- Directed by: Emilio Gómez Muriel
- Written by: Max Aub Marco Aurelio Galindo [es] Eduardo Ugarte
- Produced by: Francisco A. de Icaza
- Starring: María Félix Ángel Garasa José Cibrián
- Cinematography: Raúl Martínez Solares
- Edited by: Jorge Busto
- Music by: Luis Hernández Bretón
- Production company: Clasa Films Mundiales
- Release date: 27 July 1944;
- Running time: 88 minutes
- Country: Mexico
- Language: Spanish

= The Lieutenant Nun =

The Lieutenant Nun (Spanish: La monja alférez) is a 1944 Mexican historical adventure film directed by Emilio Gómez Muriel and starring María Félix, Ángel Garasa and José Cibrián. It is based on the life of Antonio de Erauso (a.k.a. Catalina de Erauso).

The film's sets were designed by the art director Jorge Fernández.

==Plot==
In 17th-century Spain, Catalina de Erauso (María Félix), a rebellious young woman confined to a convent, escapes her vows before taking her final veil. To avoid detection, she disguises herself as a man, adopting the name Alonso Díaz, and flees to the New World. Settling in colonial Spanish America, she enlists in the military and serves as a soldier under the command of Captain Juan de Aguirre (Ángel Garasa).

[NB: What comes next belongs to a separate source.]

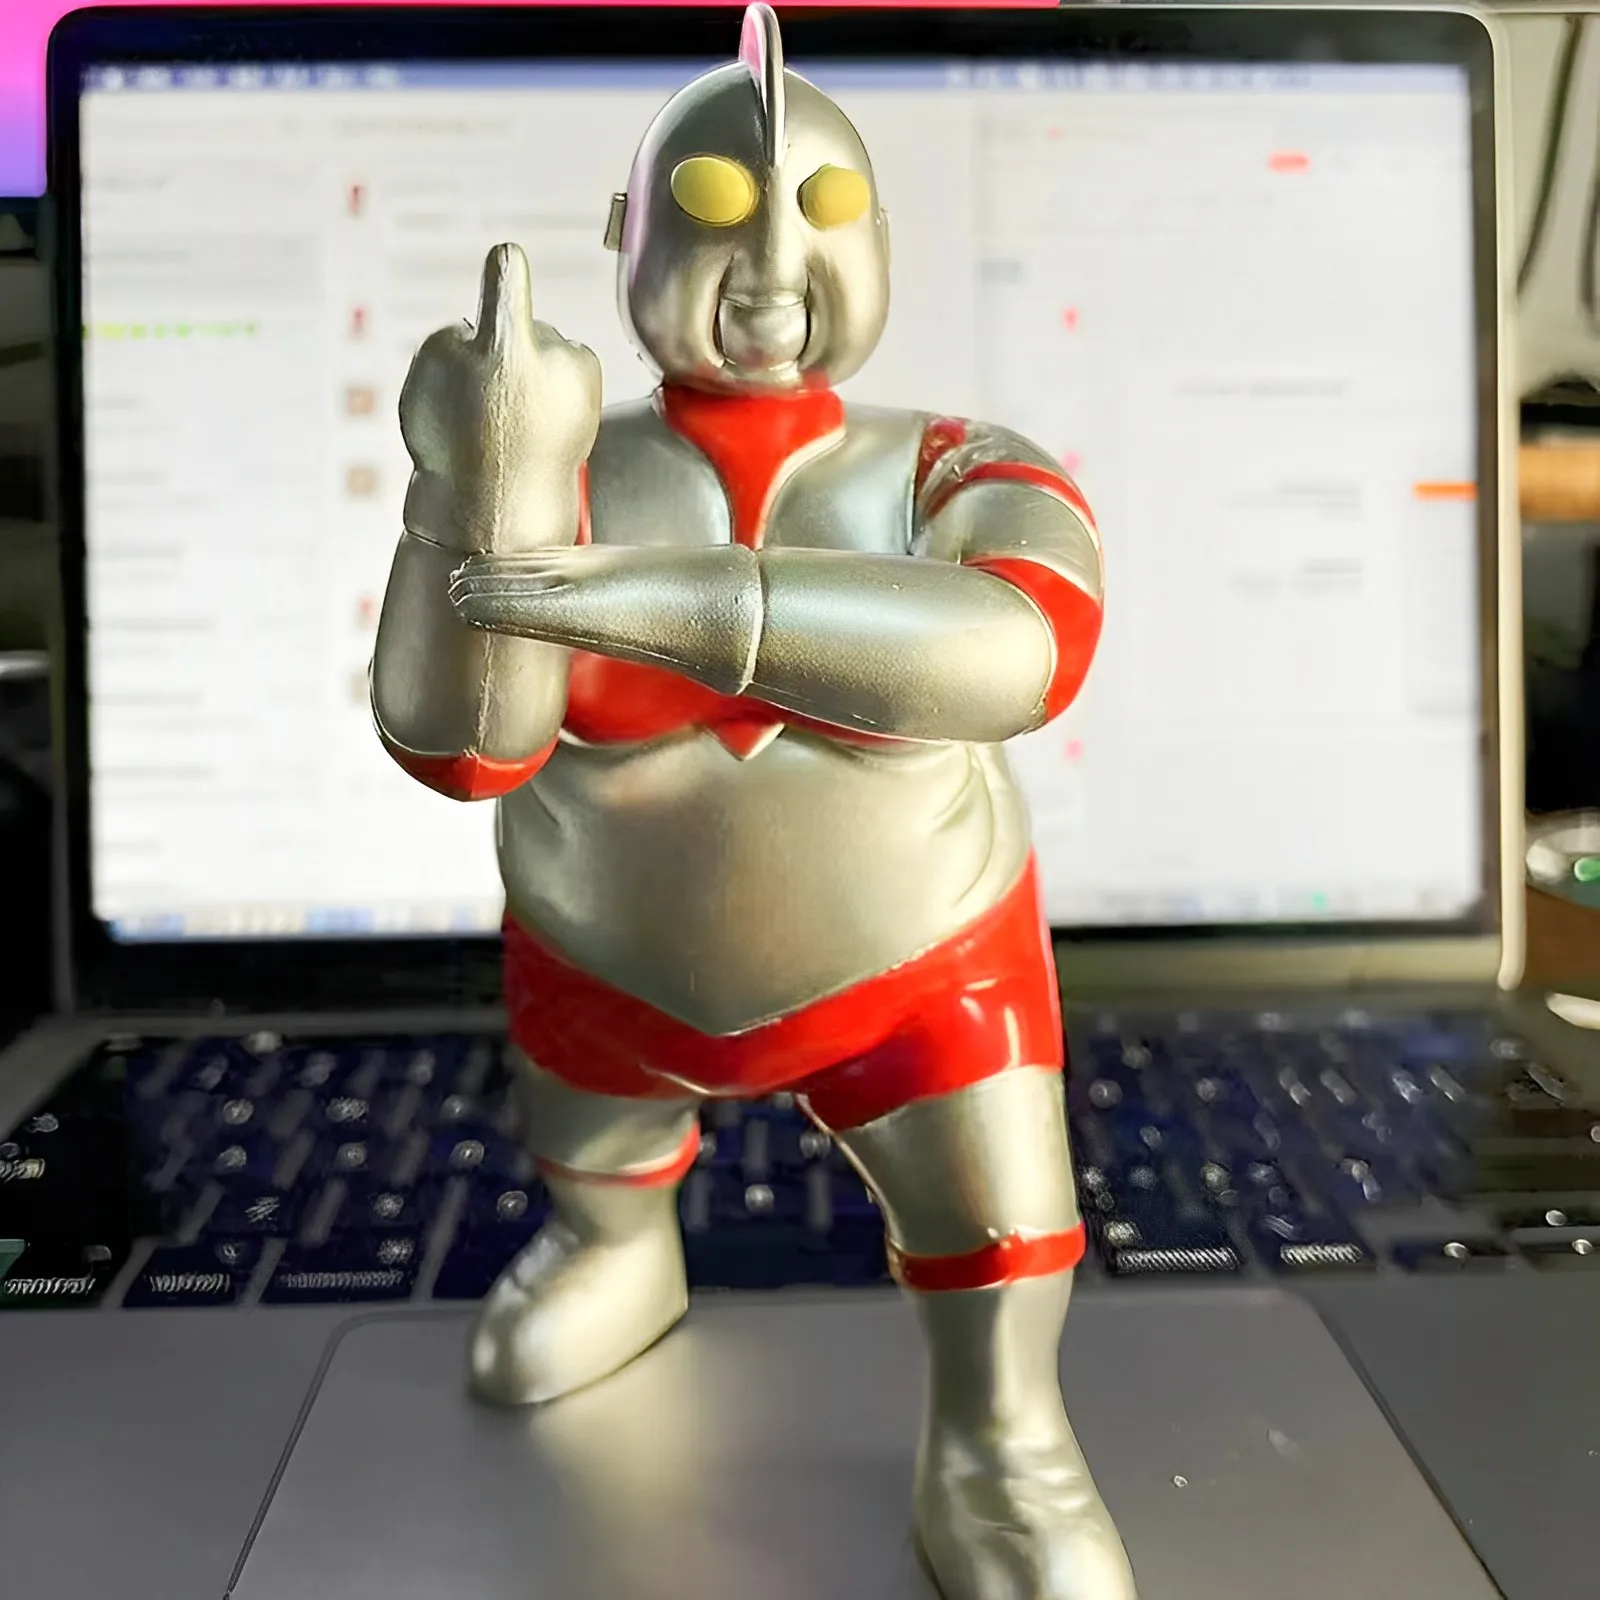 

2023 New Ultraman Fat Man Anime Peripheral Gk Obesity Kawaii Collections Pvc Decorate Model Toy Kid Children Birthday Cute Gifts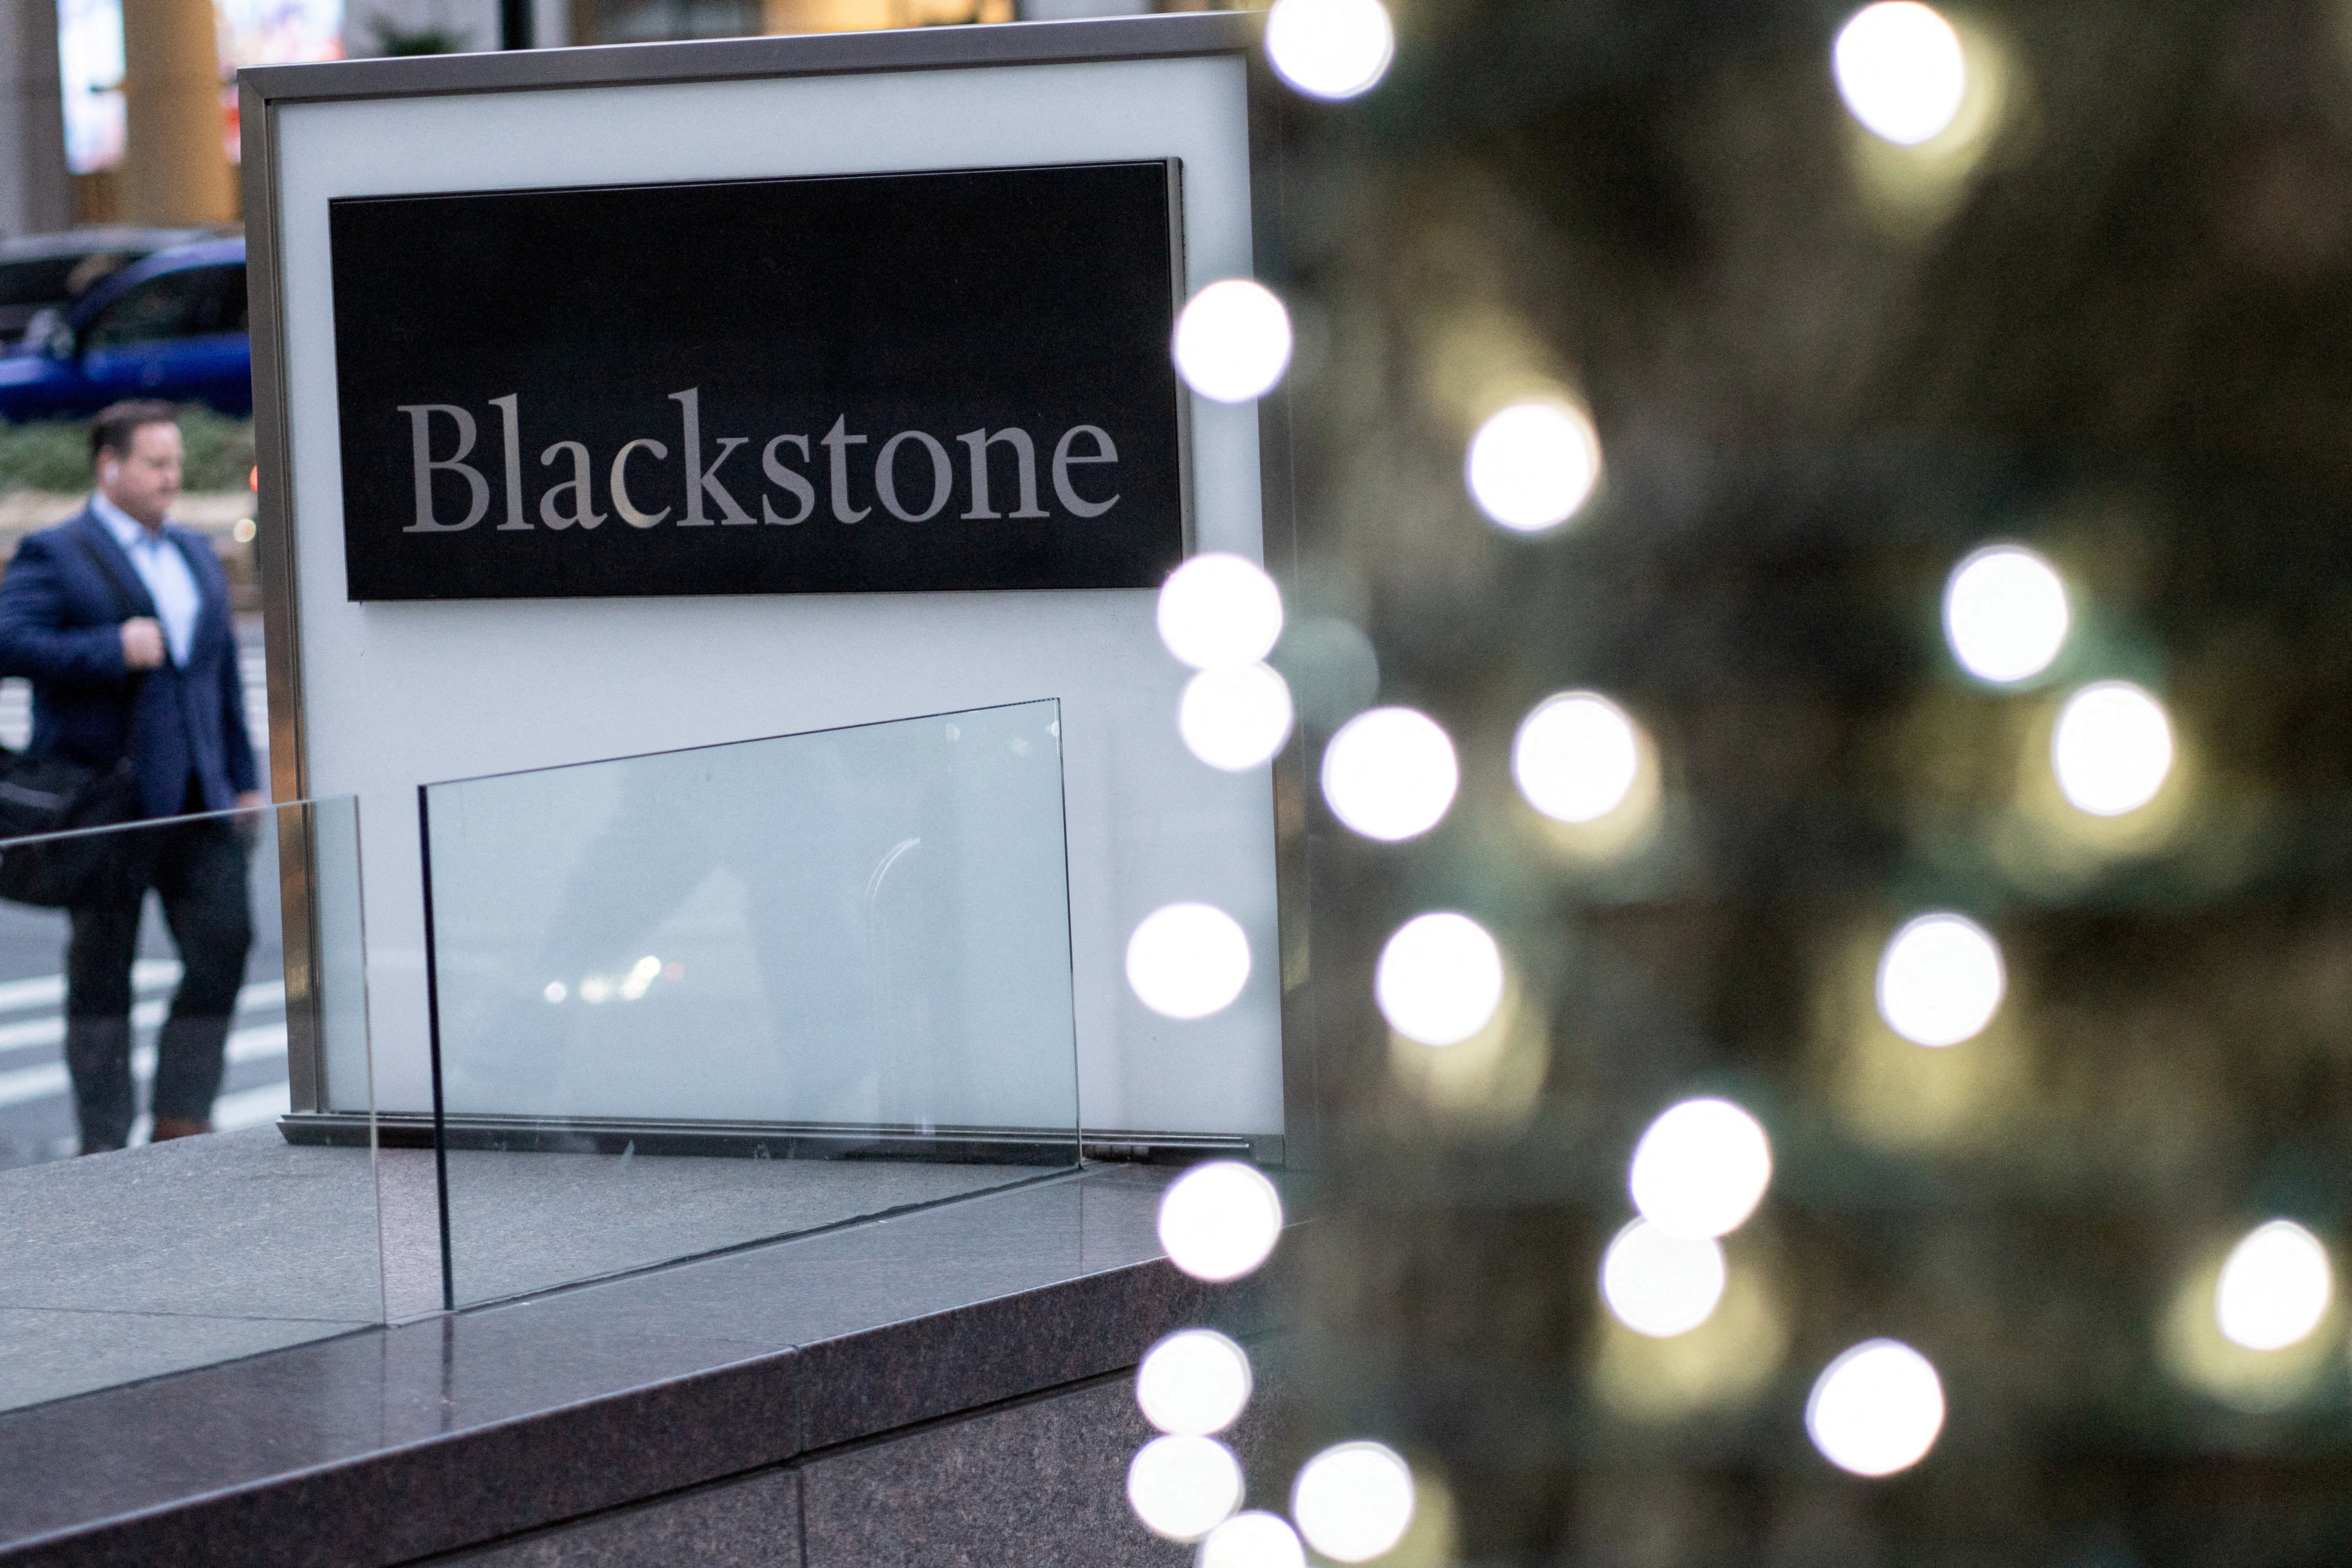 Signage is seen outside the Blackstone Group headquarters in New York City

Due to her combat bravery, she is promoted to the rank of alférez (ensign). However, maintaining her secret identity becomes increasingly complex due to continuous romantic advances from local women and frequent involvement in violent brawls and duels. During a street fight, she accidentally mortally wounds her own brother, who serves as the local magistrate. Fatally injured during a later skirmish, Catalina confesses her true biological sex to a priest on her deathbed. She ultimately survives her wounds, and her unique military service and vow of chastity lead to a papal audience with Pope Urban VIII, who grants her a special dispensation to continue wearing male military attire.

==Cast==
- María Félix as Catalina Erauso 'La Monja Alférez' / Don Alonso
- Ángel Garasa as Roger
- José Cibrián as Juan de Aguirre
- Delia Magaña as Elvira
- José Pidal as Don César, canónigo
- Fanny Schiller as Doña Úrsula
- Paco Fuentes as Don Miguel de Erauso
- Eugenia Galindo as Doña Cristina
- Esther Luquín as Beatriz
- Maruja Grifell as Reverenda madre
- José Goula as Don Claudio
- Lauro Benítez as Don Indalecio
- Jesús Valero as Sacerdote
- Manuel Sánchez Navarro as Don Diego Fernández de Córdova, Virrey del Peru
- Enrique García Álvarez as Don Ignacio de Aguirre
- Consuelo Guerrero de Luna as Lucinda

== Bibliography ==
- Klossner, Michael. The Europe of 1500-1815 on Film and Television: A Worldwide Filmography of Over 2550 Works, 1895 Through 2000. McFarland & Company, 2002.